Coverage is the measurement of how much production code is covered by unit tests. The most common types of code coverage are line coverage and branch coverage.

Line coverage refers to how many statements are covered by the tests; a statement is usually one line of code (excluding comments). High line coverage means that more production code is executed during the tests, which means that chances of having undetected bugs are low.

Branch coverage on the other hand refers to how many different branches (paths) are executed by your tests. Branches are usually created using conditional statements (if, for, while etc). A test case that covers 100% of lines (which is hard to achieve ) does not necessarily cover 100% of the branches.

Consider the following method :

public String getPersonName(boolean isStudent) {
Person person = null;
if (isStudent) {
person = new Person();
}
return person.getName();
}

The following test case calls the method with the parameter true and covers all the lines of the function getPersonName(). Is this good enough?
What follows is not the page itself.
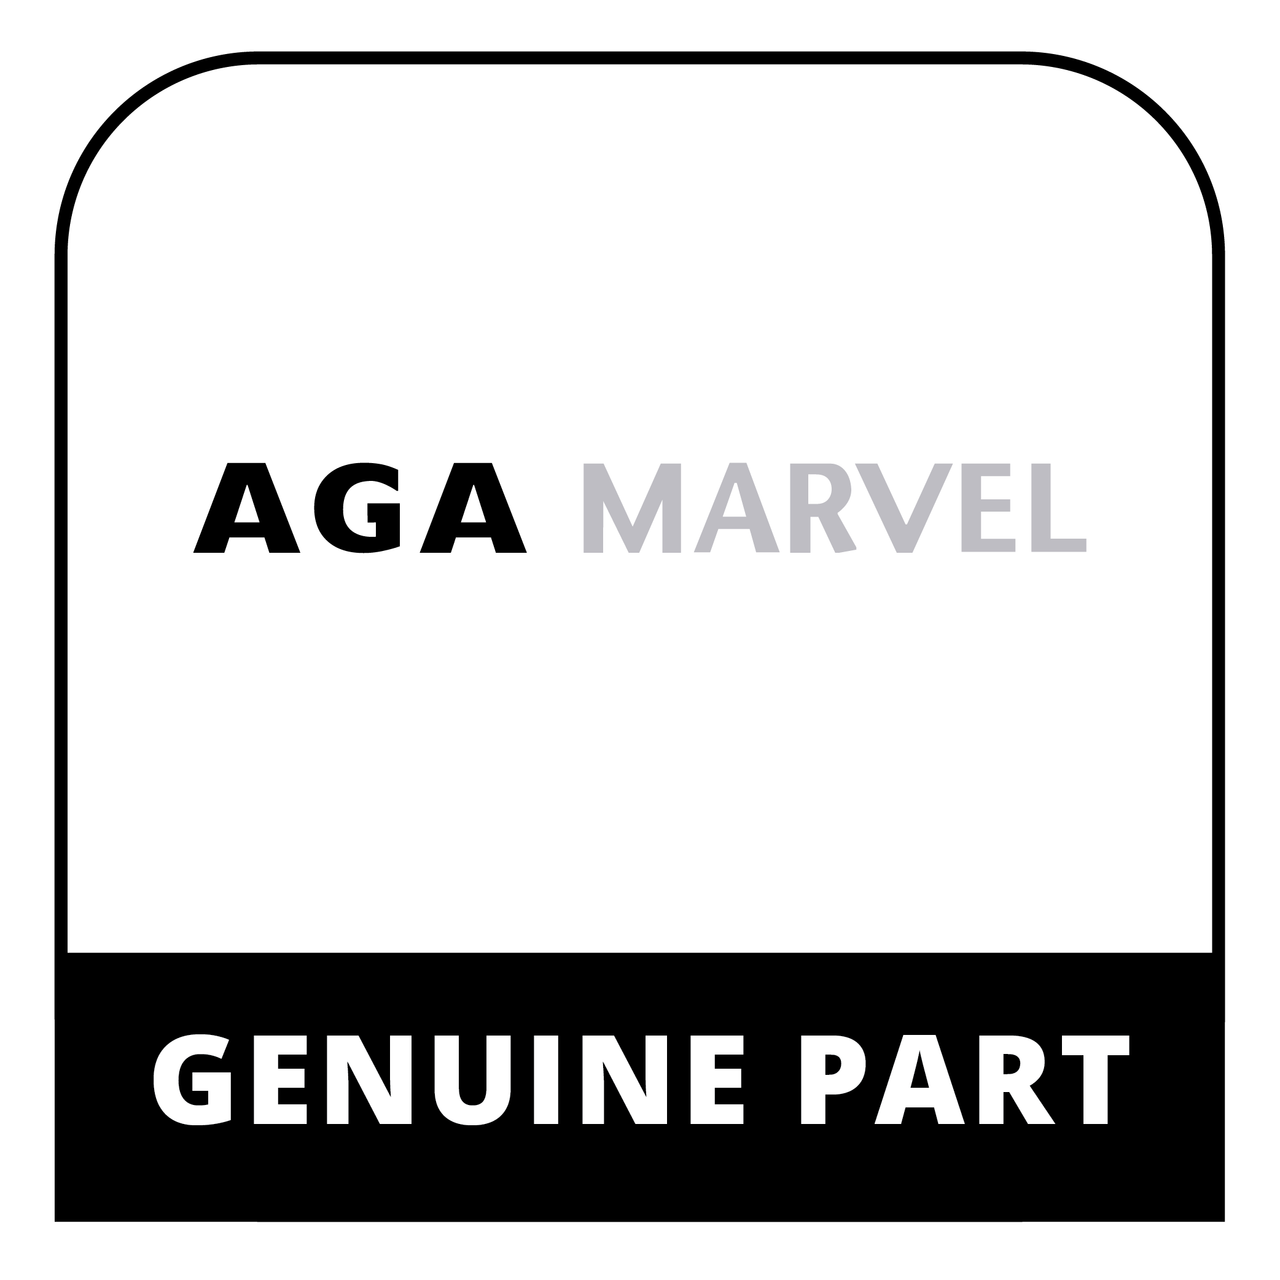 AGA Marvel S31580-004 - Door Gasket - Genuine AGA Marvel Part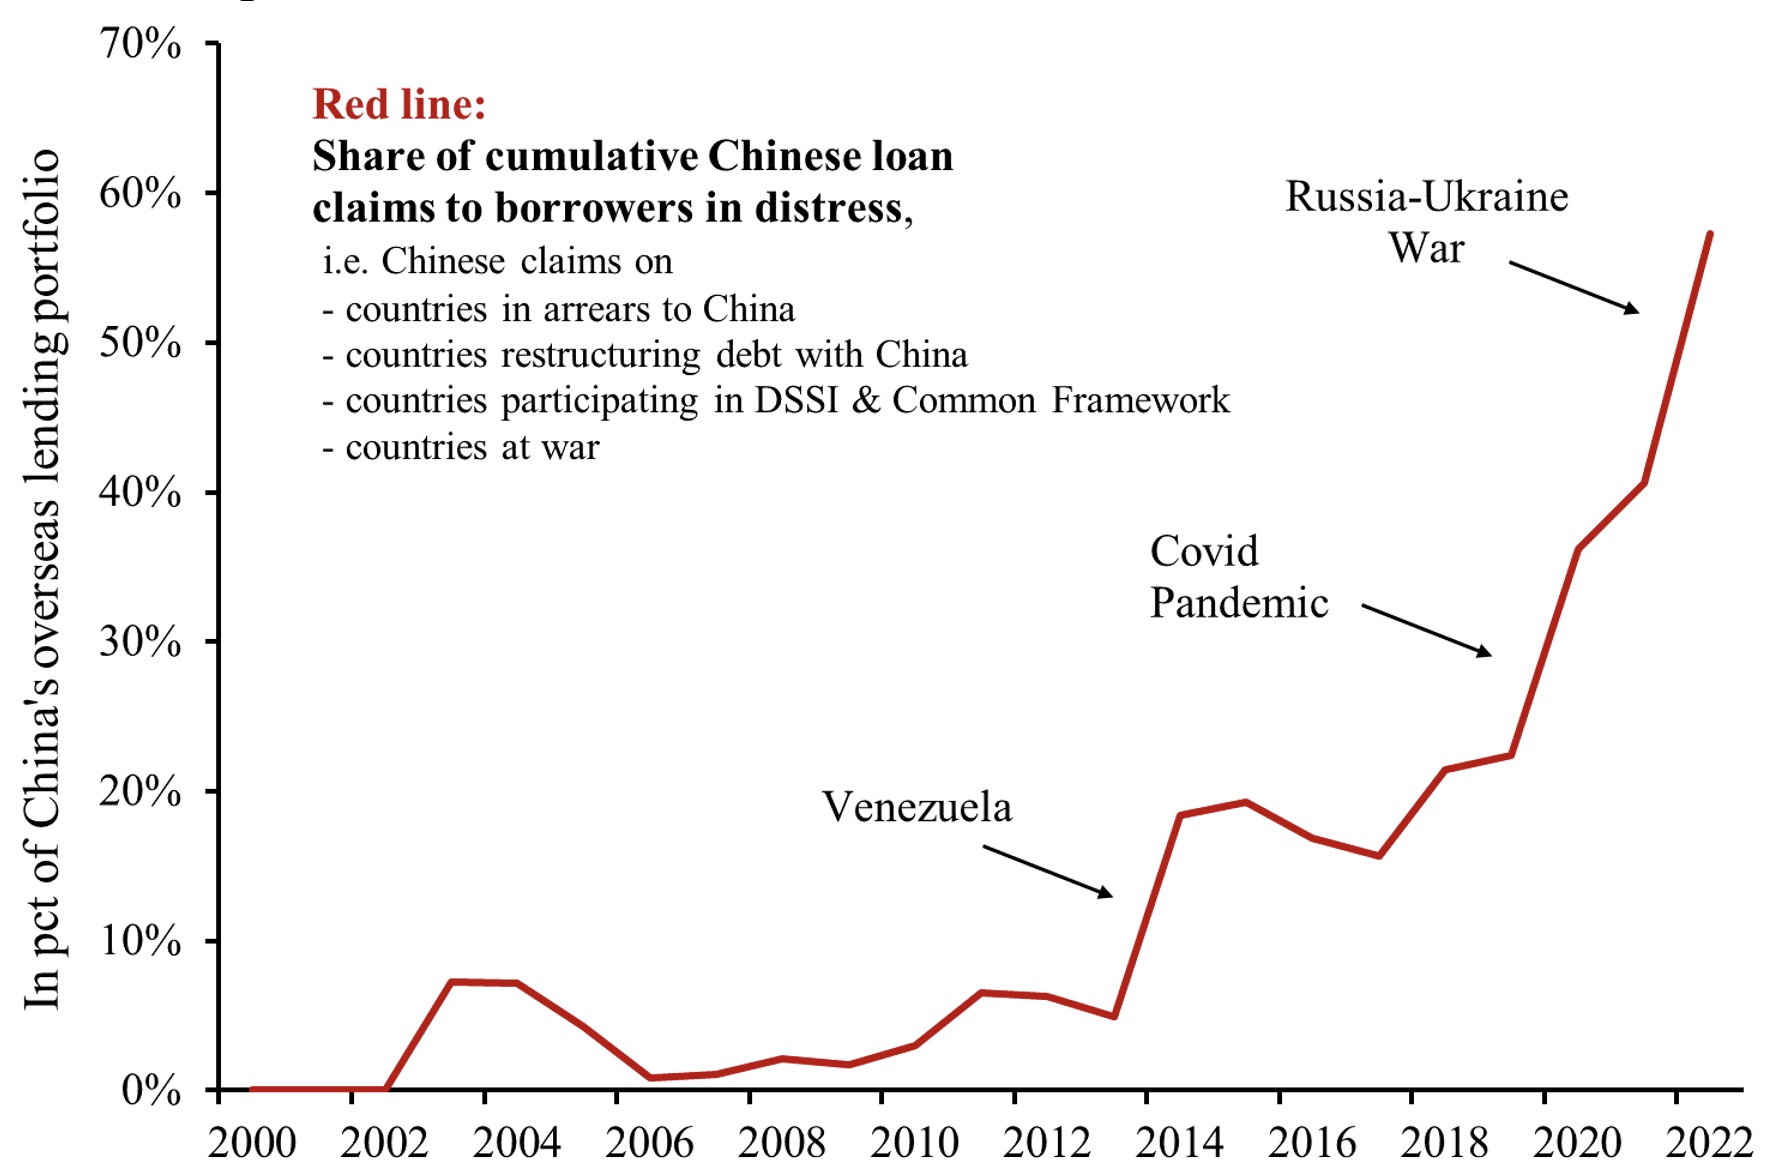 China’s overseas lending and the war in Ukraine 2

The answer is no. Why? The branch coverage of that test is only 50% because if you call the method with the parameter false you will get a NullPointerException, so you need to add another test case to increase branch coverage.

@Test
void getPersonName_Returns_A_Name_when_Person_IsStudent(){
assertNotNull(getPersonName(true));
}

Many open source and commercial code coverage tools exist for many programming languages (ie: SonarQube). These tools can be integrated with build tools and can be defined as steps of CI/CD process.